Matthew B. Novak said...

It seems that you've pretty much looked exclusively at the ways in which these candidates will decrease governmental regulation in these areas. What about governmental support for programs that assist people in getting/using their civil liberties? I'd imagine that both Obama and McCain would be better about that than Barr (and probably Obama better than McCain). Perhaps another look?

Mike said...

I really appreciate you doing a lot of the legwork for me on this one Jeff (though admittedly I could have predicted the Barr, Obama, McCain ranking on this particular issue). In a surprising turn of events, Bob Barr leads after two events in this decathlon. Is it possible he may bring home the gold? (No, especially not looking at some of the issues left and knowing or at least suspecting Jeff's bents on said issues.)

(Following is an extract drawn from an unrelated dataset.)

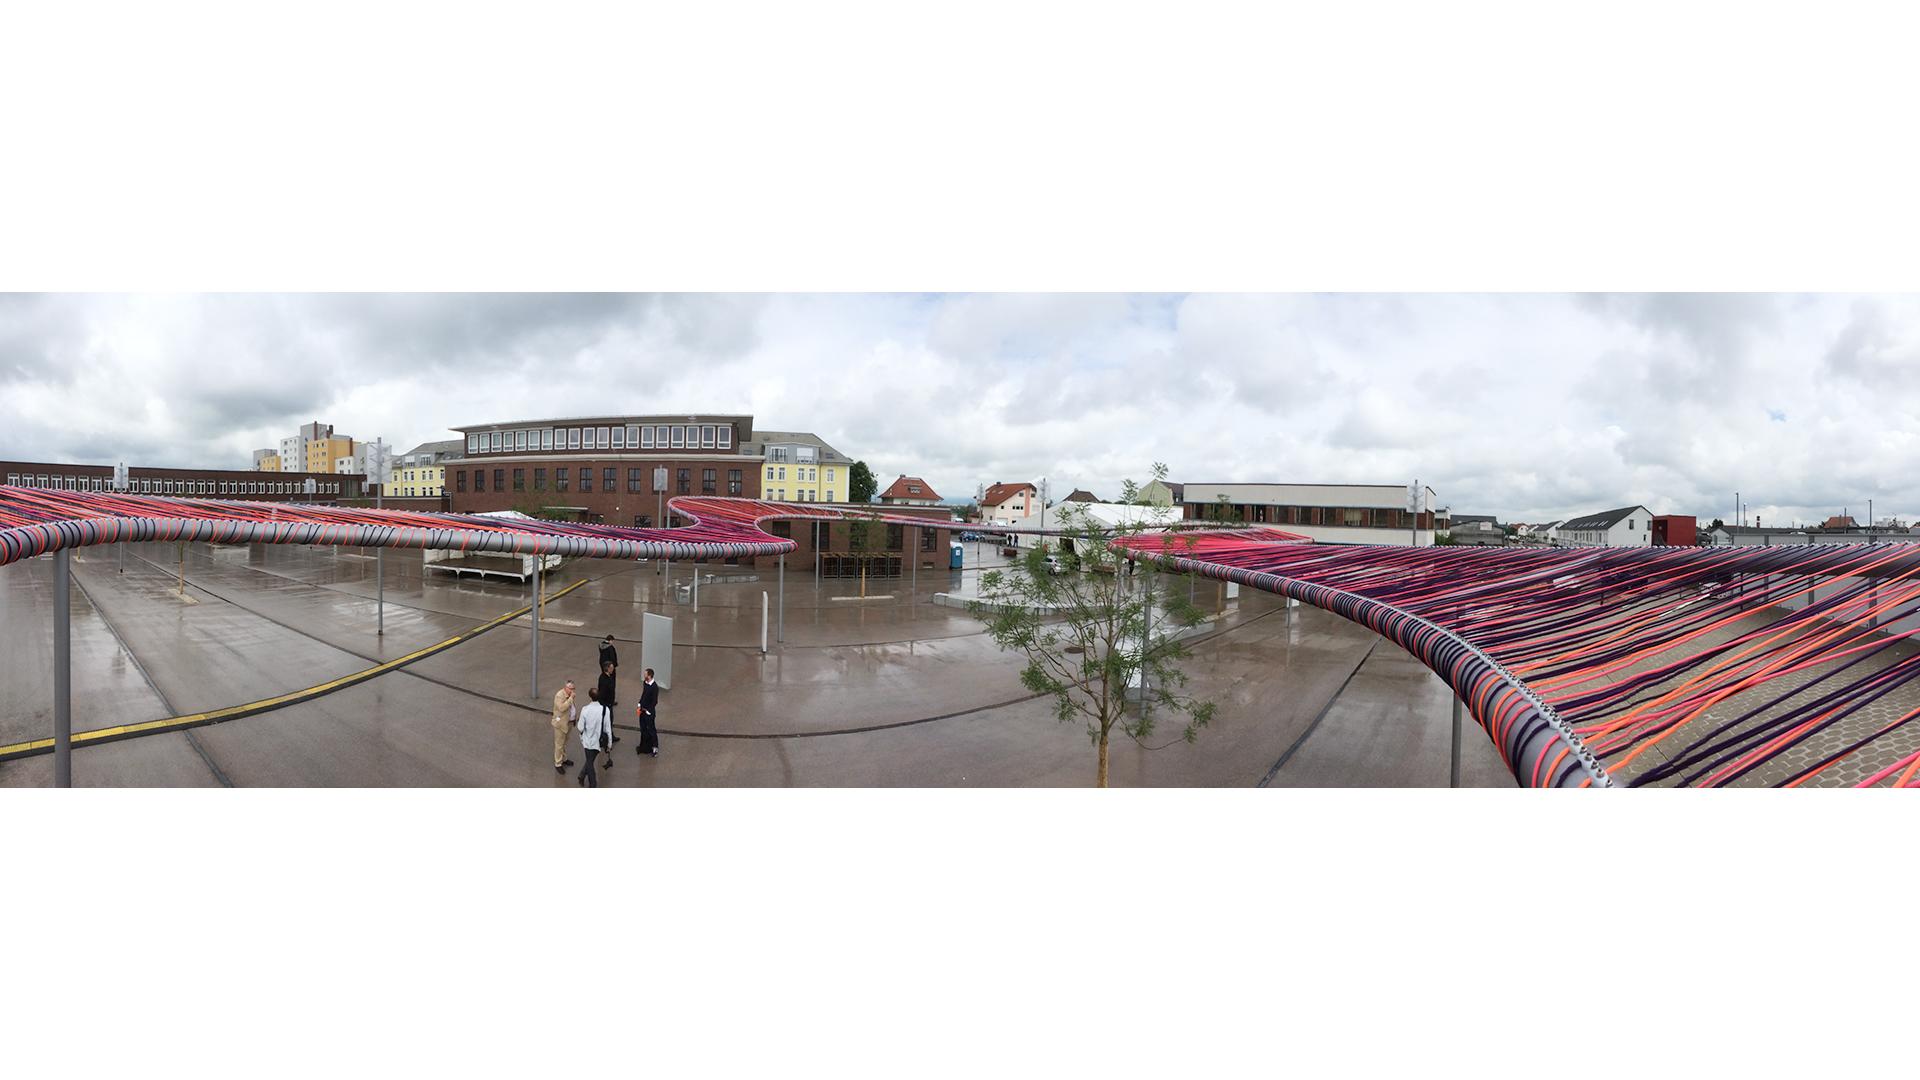 Graf-de-Chardonnet Platz, Kelsterbach | Sauerzapfe Architekten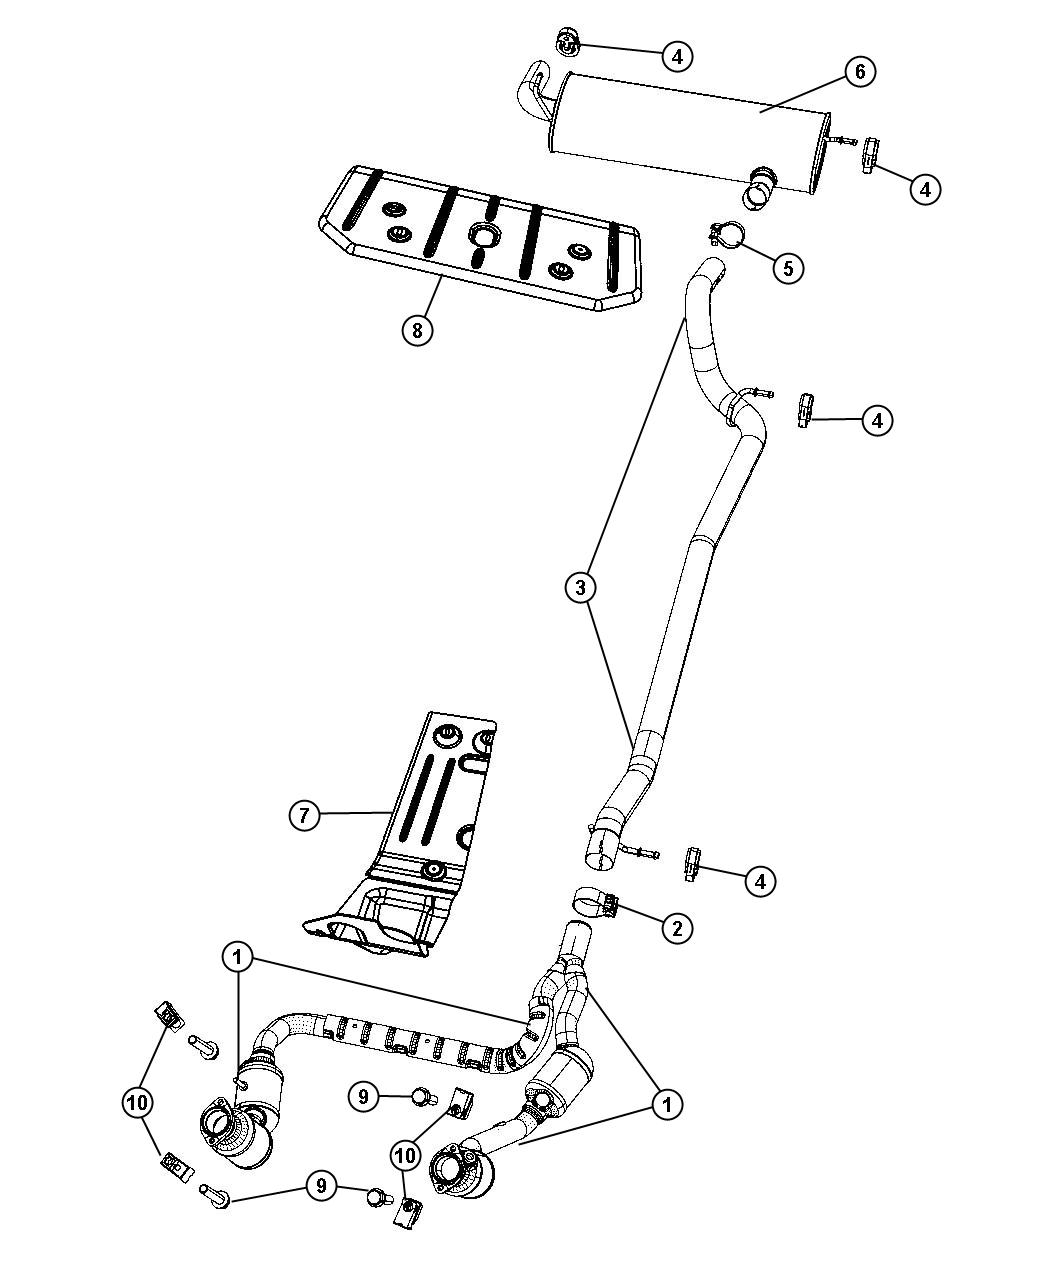 Jeep Wrangler Converter Exhaust System

Matt raises an interesting point. I'm curious what programs he has in mind specifically? (I, like Jeff, tend to focus more on the absence of government intrusion as opposed to the presence of government assistance on the issue of civil liberties, so I'm really quite unaware of such programs.)

Matthew B. Novak said...

I'm thinking largely of financial support (whether direct or in tax-break form) for organizations that advocate for civil rights; equal access legislation (primarily for the disabled, but others as well) and enforcement, and how they'll come down on the free exercise vs. establishment dillemma.

Matthew B. Novak said...

I'd also throw civil rights for immigrants (both legal and il) into this mix too.

Jeff said...

Matt - I make a distinction between civil liberties (constitutionally protected freedoms) and civil rights. I'll cover a lot of civil rights issues when I tackle regulatory enforcement (#4), since that's the main area of influence the executive has over such issues. The Bush administration has done most of its eviscerating of civil rights by not enforcing regulations that are on the books.

Free exercise/establishment and immigration are both excellent issues that just missed the cut. They'd probably be 11 and 12. I'll get into church/state separation somewhat when I talk about education policy (#9) and the judiciary (half of #10). Immigration was an oversight on my part - especially because the executive, via the ICE, has influence over visa enforcement and asylum policies - and I'll probably give y'all a bonus post on that. Thanks for pointing that out.